National Labor Relations Board statistics show that 43,150 workers won union representation elections in the first half of this year, up from 18,912 in the same period last year, but that’s still a gain of only 0.3% in the nation’s unionized workforce of 14 million. Overall, the number of wage and salary workers represented by unions fell by 241,000 last year, according to the Bureau of Labor Statistics, continuing a nearly unbroken trend dating from at least the 1970s, even though on average unionized workers today earn 16.6% more than nonunion labor.

Zephyr Teachout of Fordham Law School observed in a recent piece in the New York Review of Books that the technology allowing employers to keep workers under surveillance has improved to the point that for some workers it’s inescapable. But Teachout also recounts her experience as a personal assistant to a rich writer living on Park Avenue whose intrusive treatment of Teachout and the other staff fostered intense paranoia. And that was nearly three decades ago.
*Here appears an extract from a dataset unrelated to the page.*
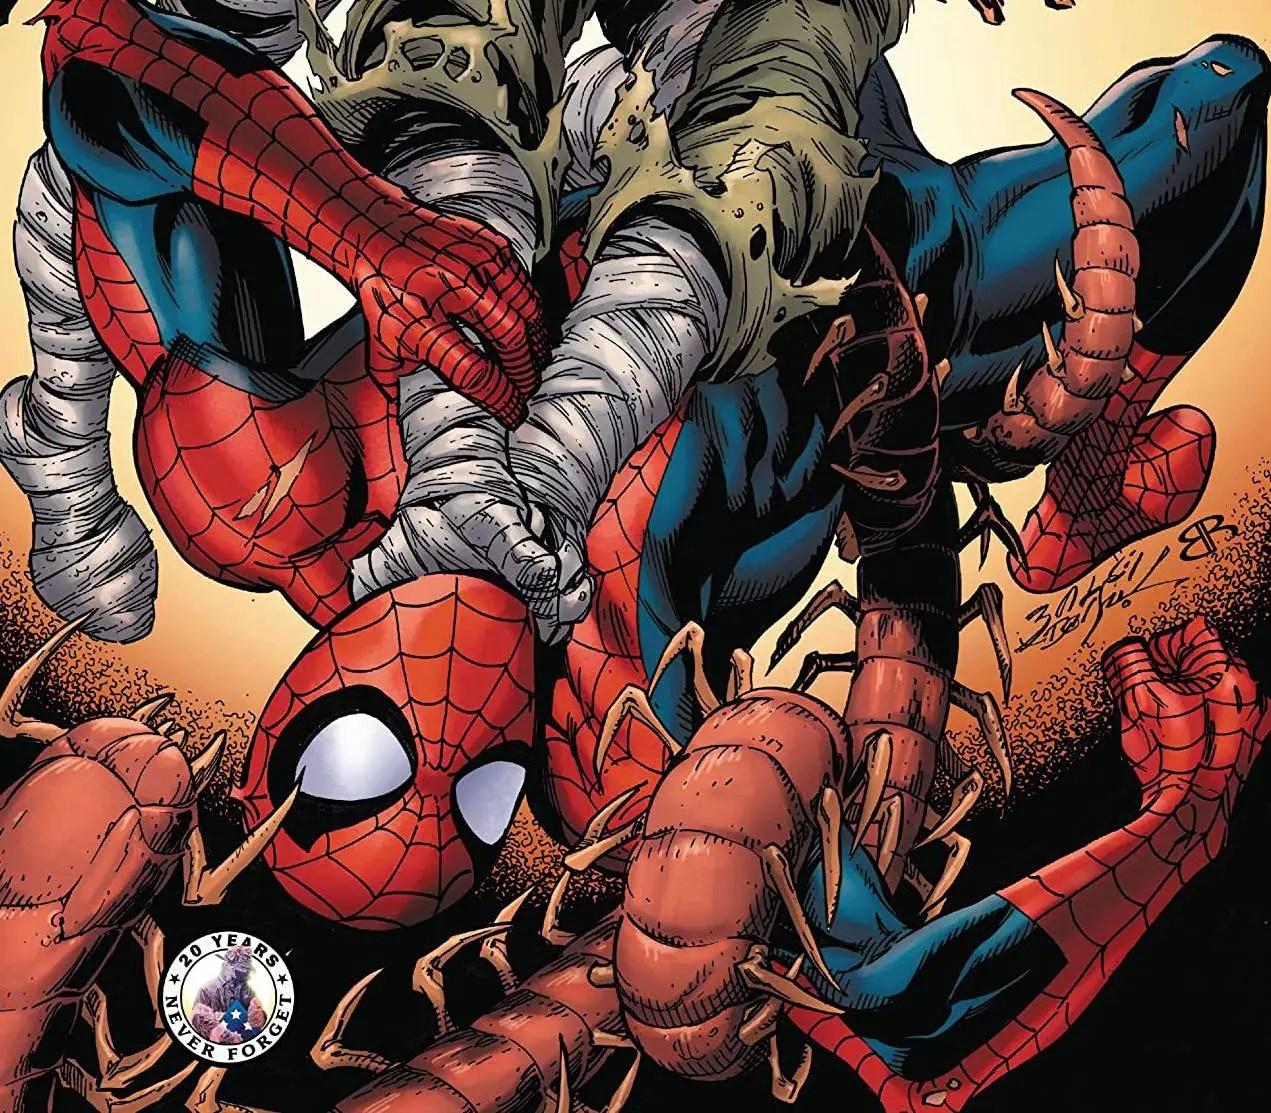 'Amazing Spider-Man' #73 is like Green Goblin character rehabilitation

None of this is likely to make the notion of “quiet quitting” disappear from social media, the airwaves and news pages; once a meme grabs hold, it can take time to dislodge it from public consciousness.

Putting a name to the phenomenon doesn’t make it any more real. Disaffected workers have always found ways to stick it to the Man, within limits. There’s no evidence that an unprecedented wave of such behavior is upon us, especially given that job creation is at the strongest level in years. Taking a day off or finding a new job is today, as it has always been, good for your mental health.